On the surface, the culprit appeared to be CO2. For reasons unknown, atmospheric concentrations of the gas rose by about 700 parts per million, from 1000 ppm to 1700 ppm--more than four times higher than today's level of 385 ppm--during the PETM. That much of an infusion of the well-established greenhouse gas should have been plenty to spike temperatures.

But a new analysis doesn't fully support this scenario. Oceanographer Richard Zeebe of the University of Hawaii, Manoa, and colleagues ran carbon-cycle simulations of the oceans and atmosphere based on the data yielded by the sediment cores. They even simulated what would happen to global temperatures when they increased the atmosphere's sensitivity to doubling CO2 levels--to 2000 ppm--during the PETM. The most they could achieve was a warming of 3.5°C, they report online this week in Nature Geoscience. That means some other phenomenon must have pushed up temperatures by as much as 5.5°C, the team says. So at present, the unexplained warming represents a gap in understanding about what causes significant and rapid climate change.

"It's possible that other greenhouse gases such as methane could have contributed to the [PETM] warming," Zeebe says. It's also possible that the models are underestimating the climate response to CO2 increases. If that's the case, it "would mean our understanding of the climate system is incomplete," he says.

Zeebe's team is now looking at smaller warming events that occurred within several million years after the PETM. "We're currently trying to find out whether or not [they] were caused by the same mechanism," he says. The idea is to determine whether the PETM warming was unique "or a universal feature."
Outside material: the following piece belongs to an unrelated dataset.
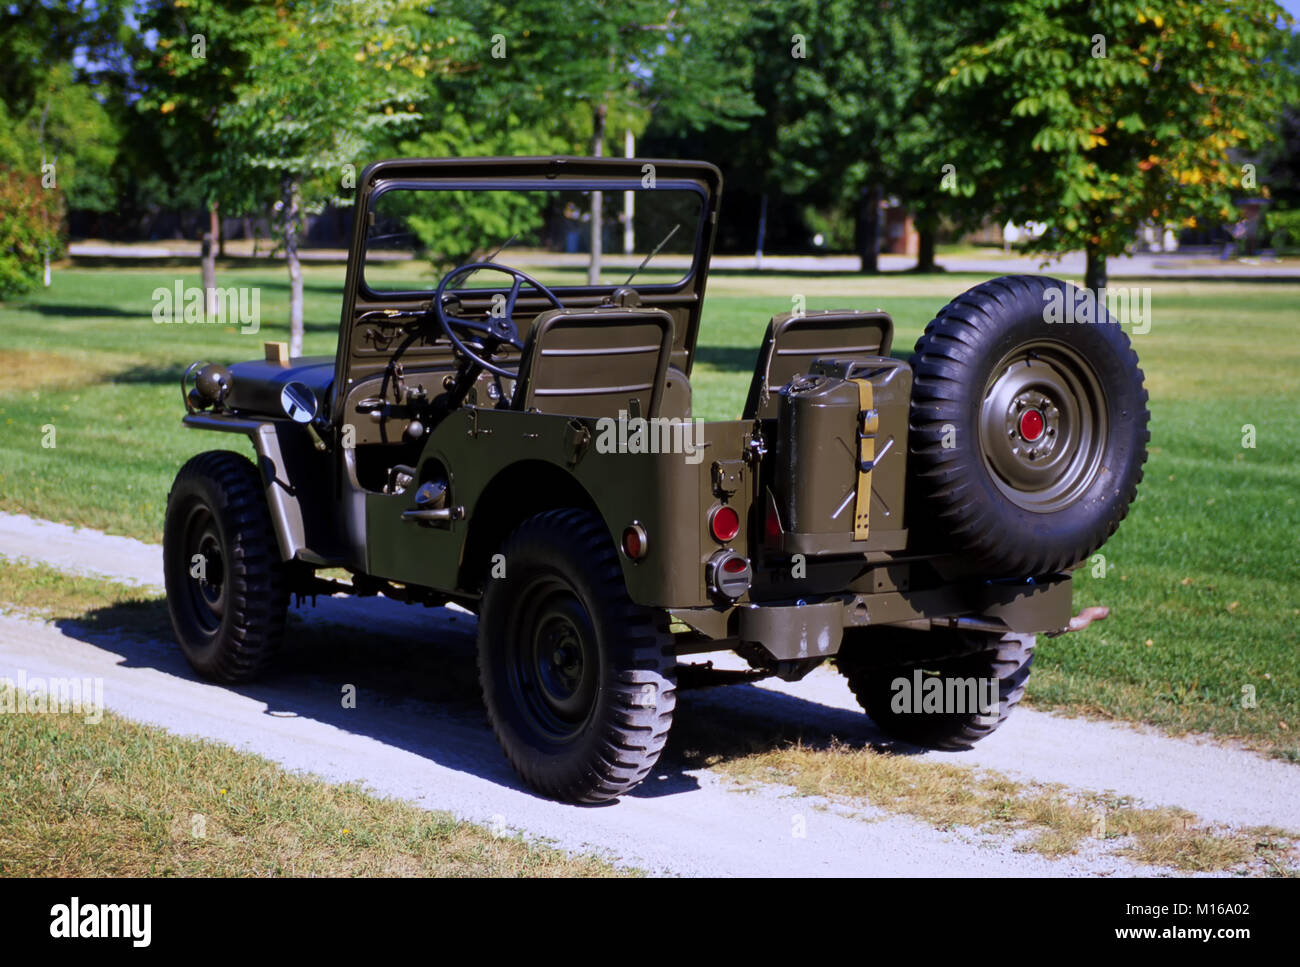 1951 Willys Model M38 rear view Stock Photo

Geochemist Gabriel Bowen of Purdue University in West Lafayette, Indiana, applauds the work. "We've long had a hunch that something was fishy about the climate response during the PETM," he says. "This study puts the nails in the coffin of the idea that climate during the PETM responded to CO2 alone." Says Bowen, "The urgent challenge now facing us is to find out what was amplifying [temperatures] during this event and understand what it means for Earth's future."